Materials and Methods

The study design is a prospective randomized control trial done in a single institution from October 2017 to August 2018. Approval from the Institutional Ethics Committee was obtained for the study. After age and body mass index (BMI) were matched, 104 cases of single or dual level lumbar fixation with interbody fusions were included. Patients with low preoperative hemogram values (ie, hemoglobin <10 mg/dL in females; hemoglobin <11 mg/dL in males), low platelet counts (<100 × 10⁹/L), bleeding disorders, coagulopathies, on drugs (like aspirin, clopidogrel, and nonsteroidal anti-inflammatory drugs since 1 week prior to surgery), international normalized ratio (INR) >1.4, prolonged activated partial thromboplastin time (APTT; 1.4 × normal), hepatorenal, or cardiopulmonary dysfunction were excluded from the study. General anesthesia was given for all the procedures and were performed by a surgeon with significant expertise in spine surgery. Patients with intraoperative surgical complications like dural tears were excluded from the study to obtain a homogenous group.

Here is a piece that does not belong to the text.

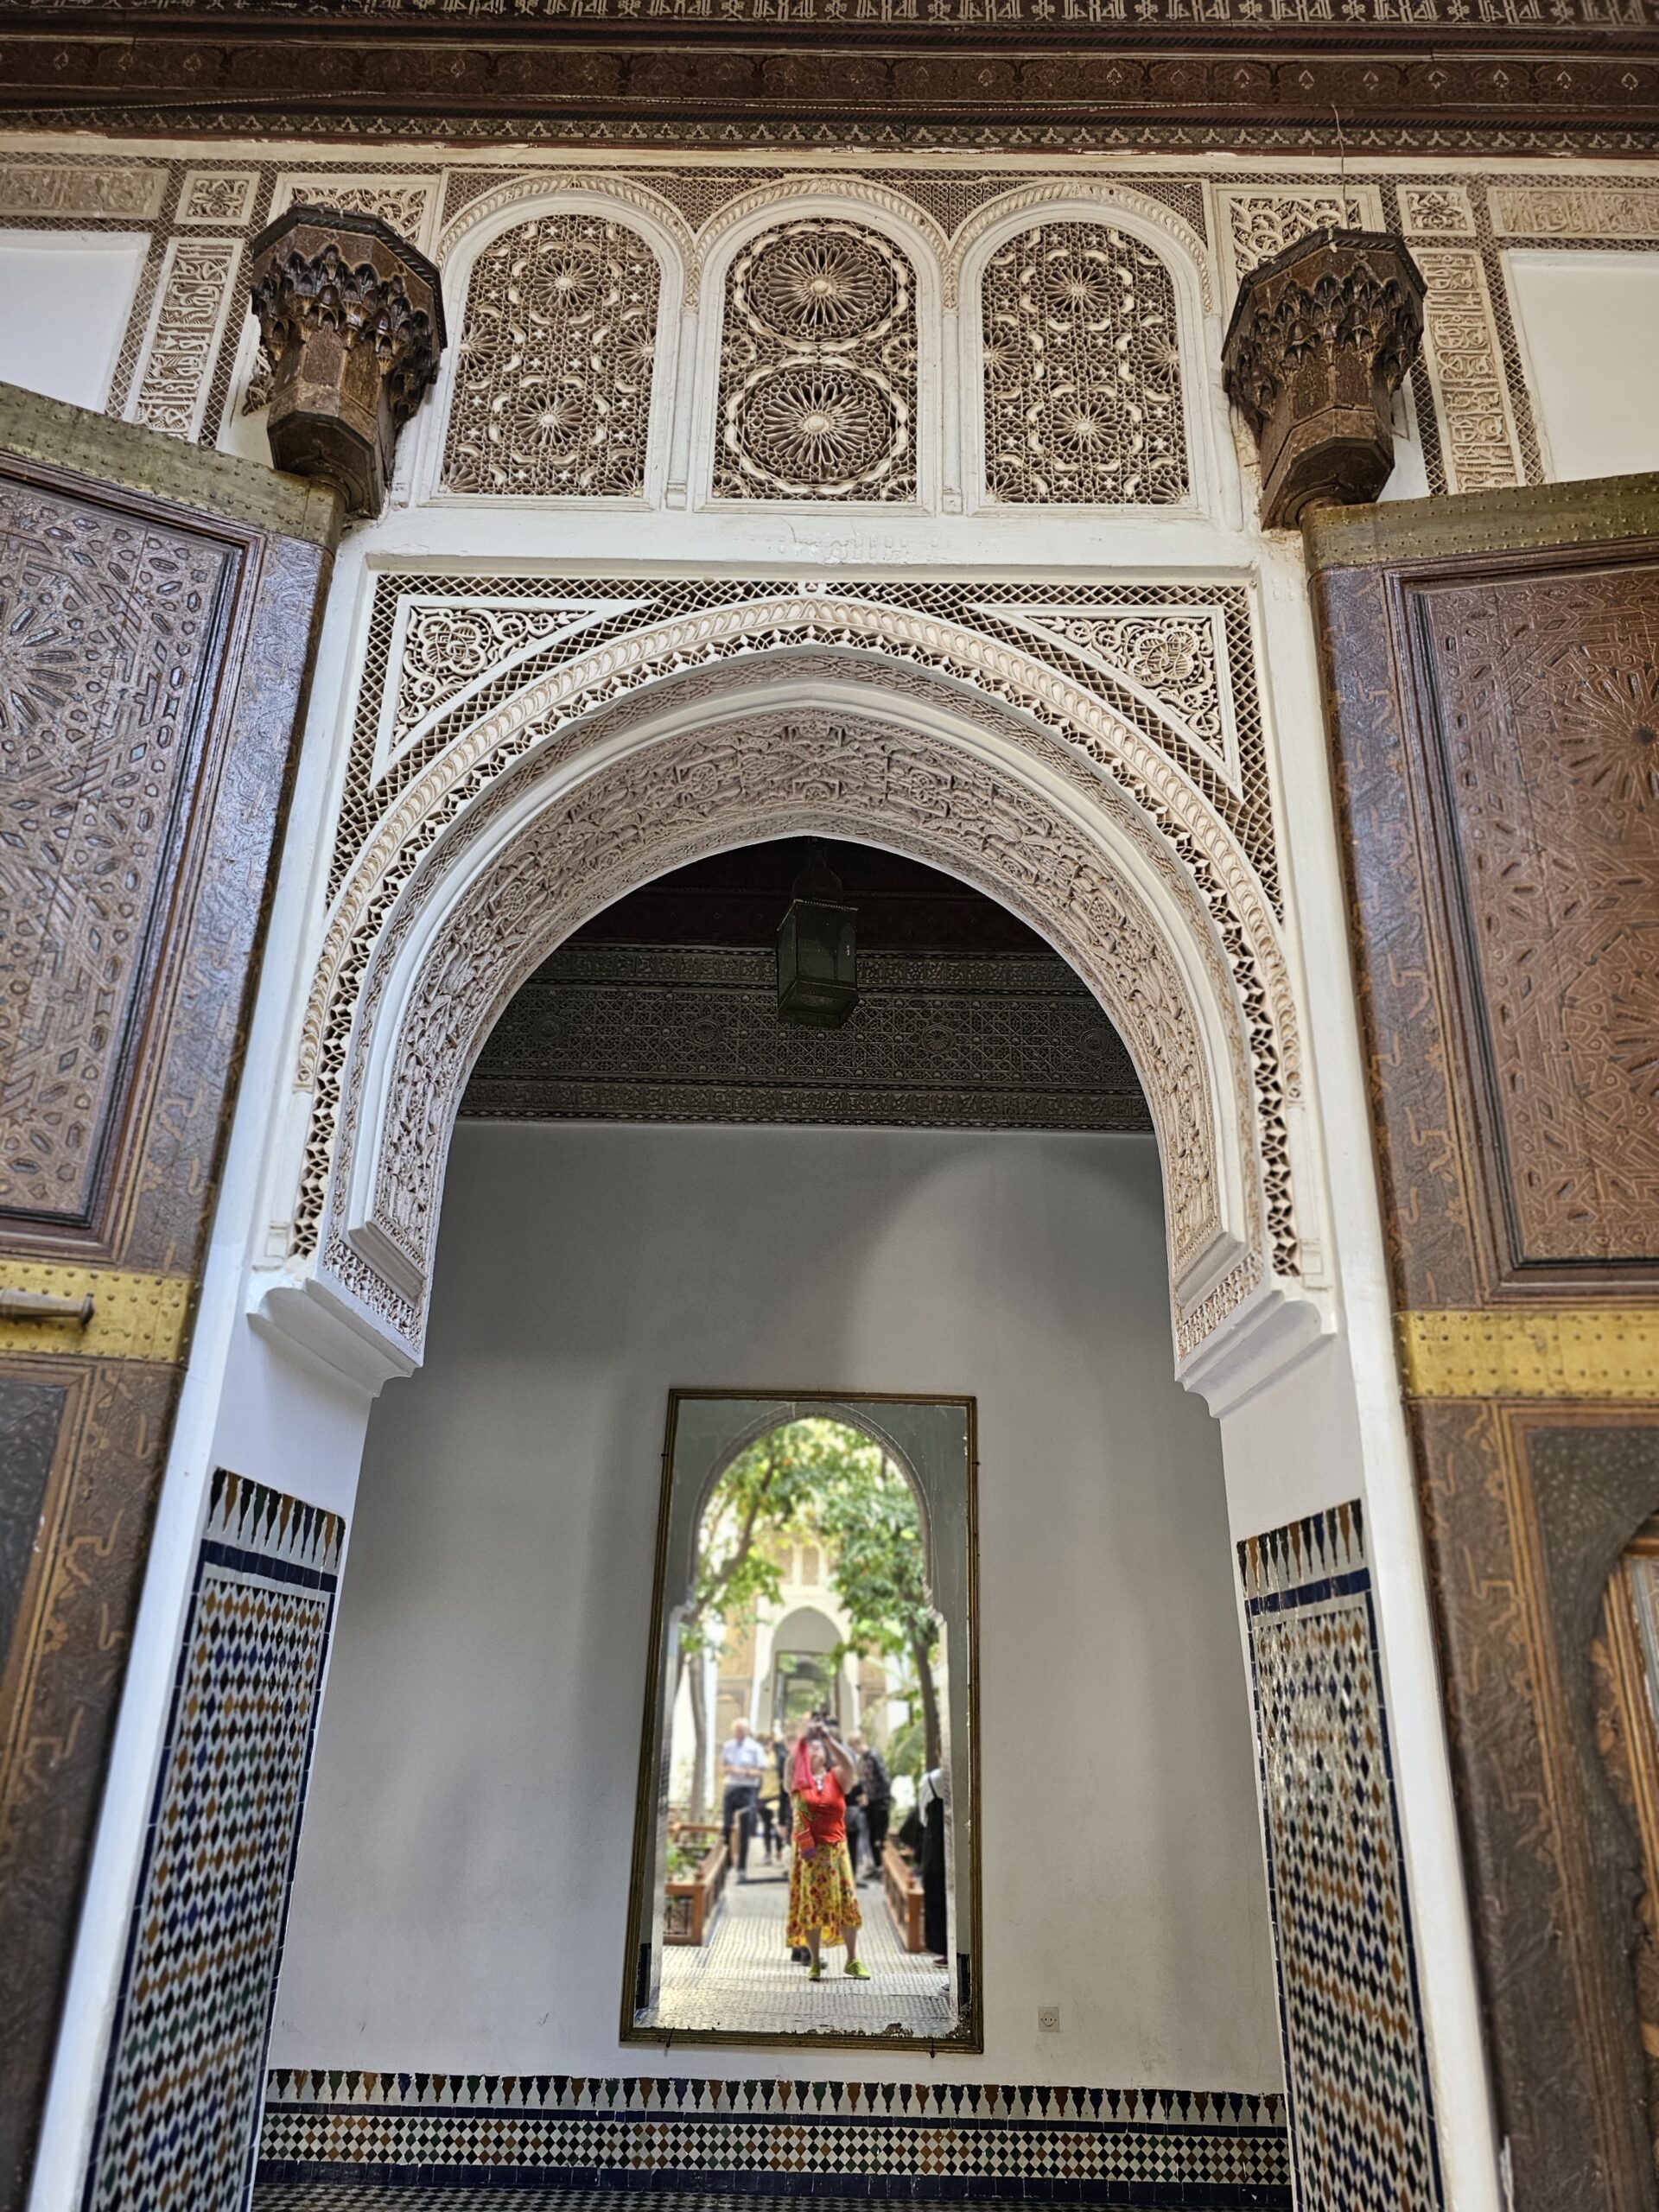 Giant wooden carved doors at Bahia Palace, Marrakesh. Image by 360onhistory.

Surgical technique did not vary, and the protocol was similar in all the cases with no major variations. All the cases included in the study were diagnosed with degenerative grade 1 or 2 spondylolisthesis. All the cases were treated with pedicle screw fixations and single level interbody fusions. Laminectomy, complete removal of unilateral facet joint for interbody fusion, and bilateral foraminotomy were performed in all the cases. Single-level interbody fusion was performed in all the cases with additional posterolateral fusion in the adjacent level (in case of dual-level fixations).

All cases have been randomly divided into 4 groups.

Intravenous tranexamic acid (ivTXA): Single dose of 1 g TXA was administered intravenously 1 hour prior to surgery (n = 26 cases).
Topical tranexamic acid (tTXA): After securing hemostasis with radiofrequency bipolar and excluding the possible incidental dural tears by Valsalva maneuver, 1 g of TXA diluted in 100 mL normal saline was poured into surgical wound followed by a wait time of 5 minutes. Then solution was sucked off completely followed by drain insertion and wound closure (n = 26 cases).
Local infiltration of tranexamic acid (loTXA): Prior to the incision, 1 g of TXA was divided equally and administered bilaterally into the paraspinal muscles (n = 26 cases).
Control group: 10 ml of 2% lignocaine with adrenaline (1 in 200 000 dilution) mixed in 10 ml normal saline was divided equally and administered bilaterally into the paraspinal muscles (n = 26 cases).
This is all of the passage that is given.